By the close, the Shanghai Composite Index stood at 3,807.45 points, down 1.87%, breaking below a key support level and hitting a recent low. The Shenzhen Component Index closed at 13,352.90 points, down 1.92%, and the ChiNext Index ended at 2,658.32 points, down 1.65%. Total trading volume in both markets expanded to 1.82 trillion yuan as panic selling intensified. Only 587 stocks rose, while 5,213 declined, creating a nearly 1:9 ratio of gainers to losers.

Sector performance was extremely polarized. High-dividend blue-chip sectors, including banking, utilities, and coal, showed relative resilience. Innovative pharmaceuticals, CXO, and gold and precious metals attracted capital due to their safe-haven properties and became rare bright spots.

Meanwhile, tech growth sectors such as AI computing power, CPO, and semiconductors were among the hardest hit. High-position new energy stocks and micro-cap stocks also faced heavy sell-offs as capital fled collectively. Northbound capital posted a net outflow of 4.56 billion yuan, and major institutional funds also withdrew significantly, with risk aversion dominating market sentiment.

Analysts attributed the sell-off to three main factors. First, escalating geopolitical conflicts in the Middle East during the holiday triggered sharp volatility in international oil and gold prices, increasing external uncertainty and boosting risk aversion.
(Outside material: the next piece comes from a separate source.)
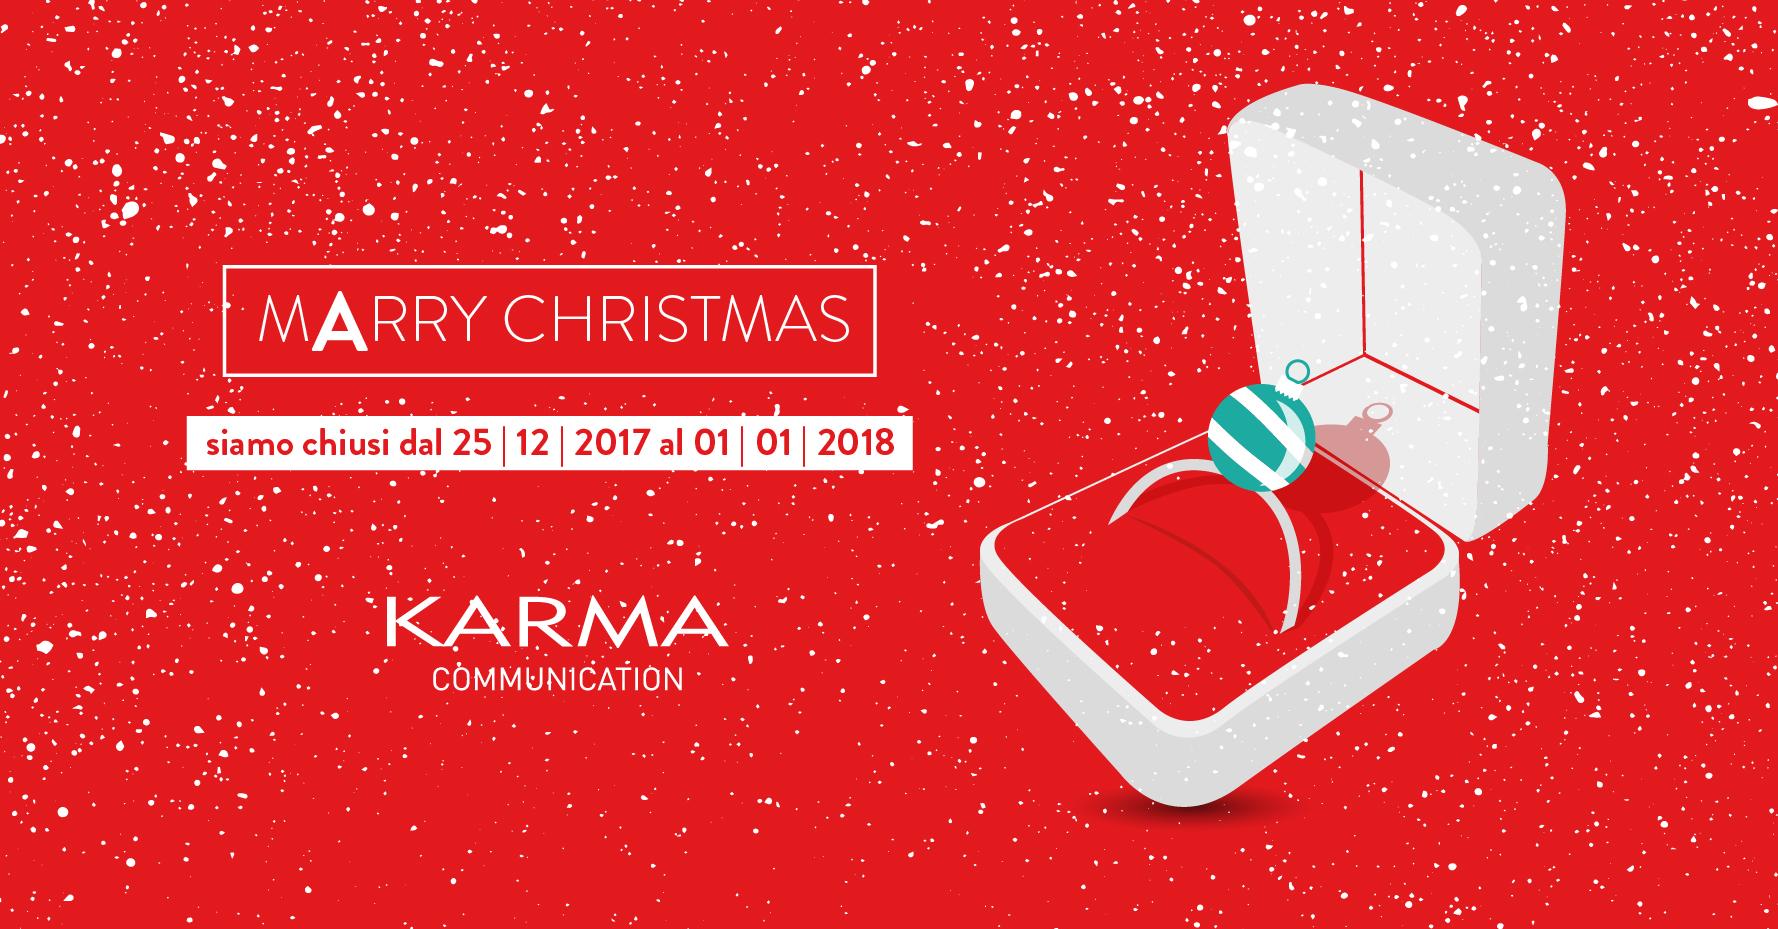 Karma Communication - Auguri di Natale

Second, as the first-quarter earnings disclosure window approaches, the market holds concerns over the performance of some high-valued stocks, coupled with profit-taking from early gains.

Third, the People’s Bank of China rolled over 800 billion yuan of buyback repos at a reduced volume, and new short-term trading regulations from the CSRC took effect, leading to cautious policy interpretation. In the short term, the market will remain in a volatile adjustment phase, with capital likely to continue favoring high-dividend and low-valuation defensive sectors.